August 05, 2014

Book Review: Man on the Run - Paul McCartney in the 1970s by Tom Doyle


By the time the Beatles had officially broken up in April 1970, Paul McCartney was one of the world’s most celebrated musicians, having achieved just about every benchmark in the music business as well as the notoriety that comes with being a cultural icon. With John Lennon he’d forged the most beloved (and lucrative) songwriting partnership in pop music history. With the band as a whole he’d crafted a catalog that was by and large regarded as creatively unrivaled. Such distinctions were ones which McCartney understood all too well when, while confronting the unenviable prospect of following up the Fab Four, he embarked upon the next phase of his musical life.

He was 27-years old.

As author and music journalist Tom Doyle chronicles in Man on the Run: Paul McCartney in the 1970s, McCartney’s next phase ended up being the most turbulent decade of his career. 

Well researched and partly informed by Doyle’s own interviews with his subject, the book adds sharper context to the familiar portrait presented by other such biographies of a preternaturally gifted, boyishly charismatic family man to reveal the McCartney of this era as being often oblivious to (or at least careless of) the ways in which the real world works outside the Beatles bubble. Matters that likely never crossed his mind as a member of the Beatles now as the leader of his next band, Wings, not only became necessary concerns—auditioning and hiring (and firing) musicians, compensating those musicians, replenishing the band’s requisite marijuana supply—but were also his responsibility.

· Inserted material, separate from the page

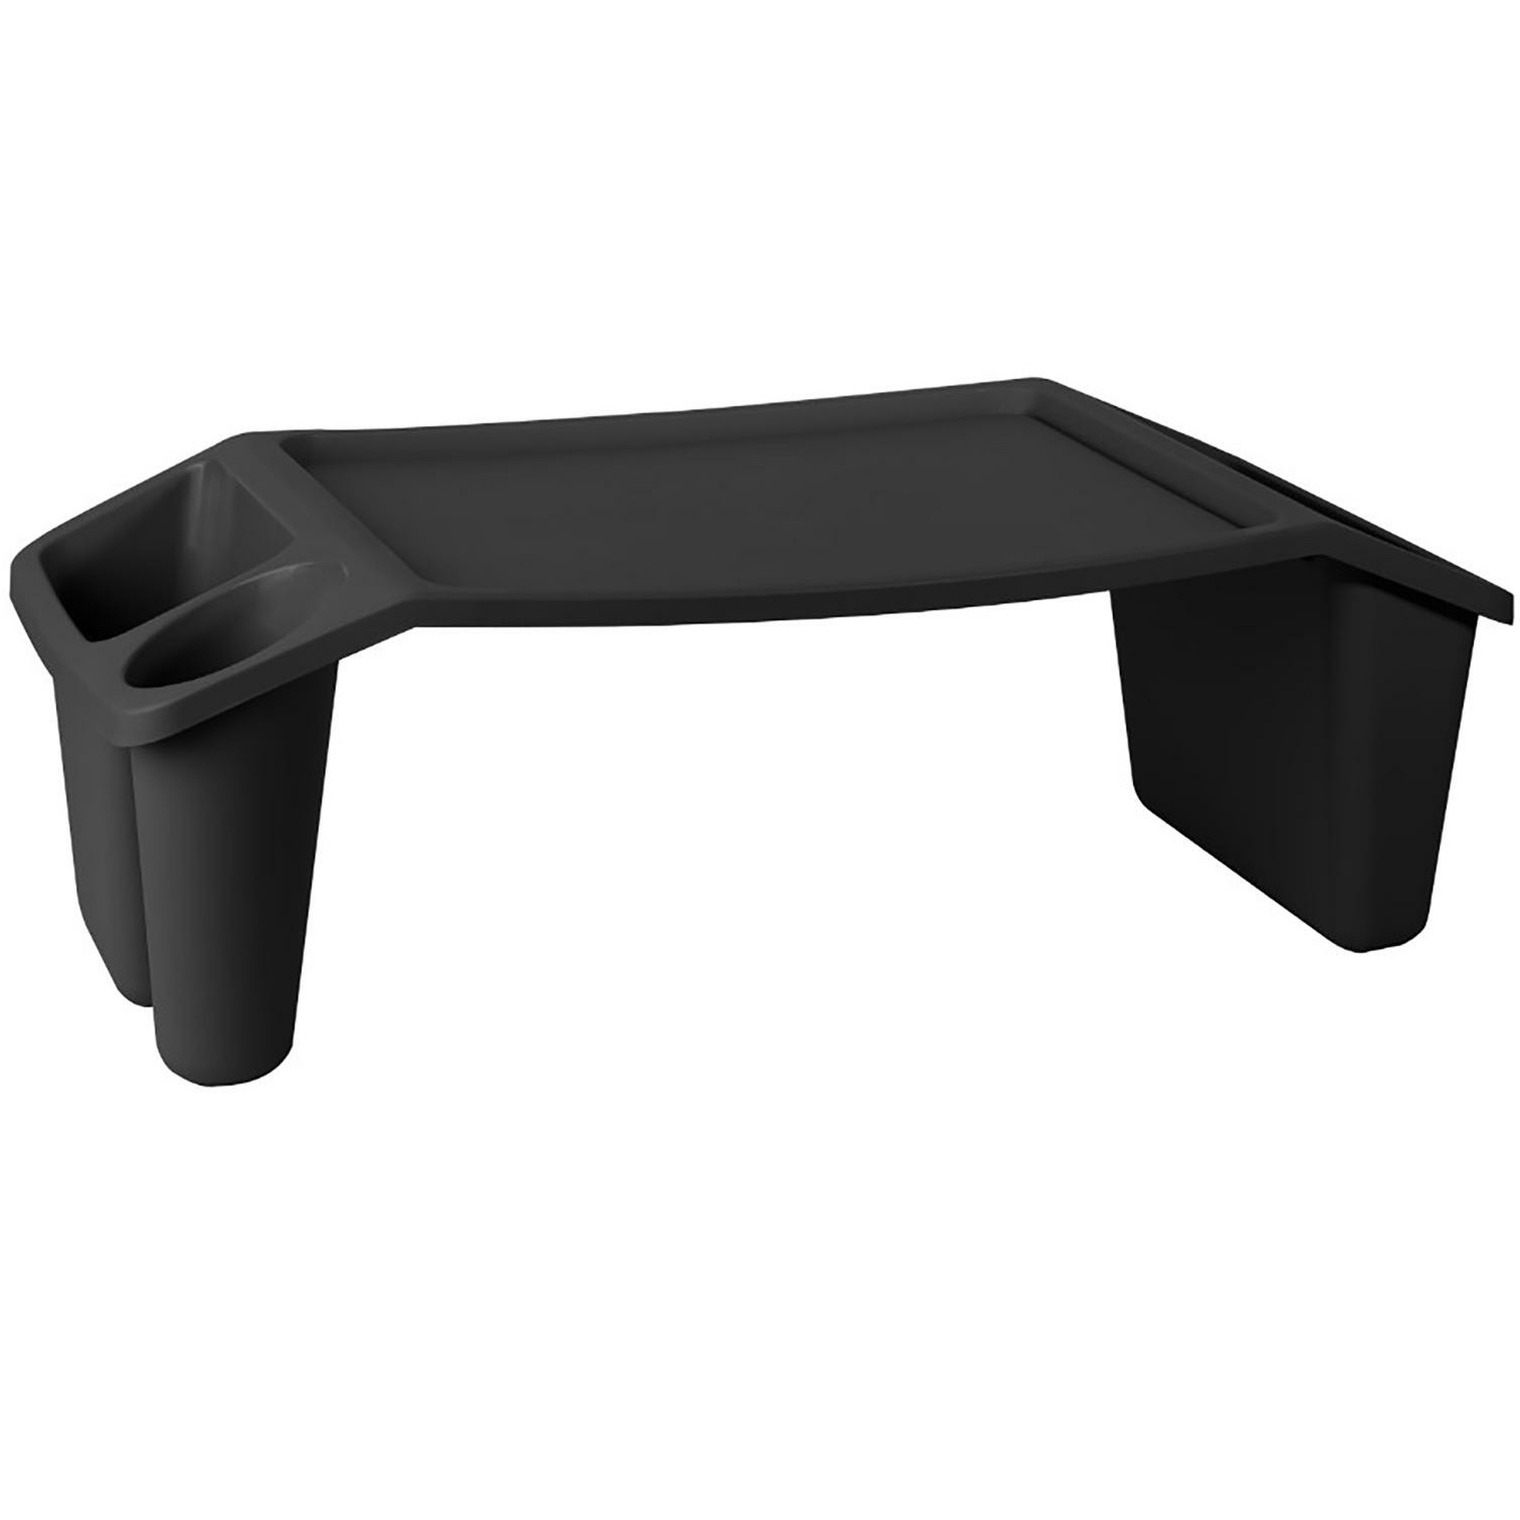 Bedtafel kunststof zwart L60 x B31 x H20 cm dienblad

If he wasn’t quite longing to reunite with his old mates from Liverpool, McCartney nevertheless seems to have missed the sense of refuge they collectively conferred, from the implicit quality of musicianship in John, George, and Ringo, to producer’s George Martin’s almost paternal guidance, musical wisdom, and studio expertise. 


As far as the music McCartney composed in the ‘70s is concerned, pertinent circumstances of its creation are offered throughout the book. There isn’t too much in the way of session details (examining how songs evolved, critiquing specific takes, etc.), with the emphasis instead focusing on how McCartney maneuvered through the various twists and turns of his life while making that music. Given a subject as well-documented as McCartney, it’s an effective narrative approach. The depicted scene surrounding the recording of 1973’s Band on the Run, in particular, which found McCartney naïvely travelling not only with Wings (and former Moody Blues) mate Denny Laine and engineer Geoff Emerick but also with his own wife and children to Lagos, Nigeria—a scene of rampant crime, poverty, and political corruption—is especially gripping. 

Man on the Run tells of McCartney the human being as much as McCartney the superstar musician, and readers will likewise appreciate its insights and enjoy the story it has to tell.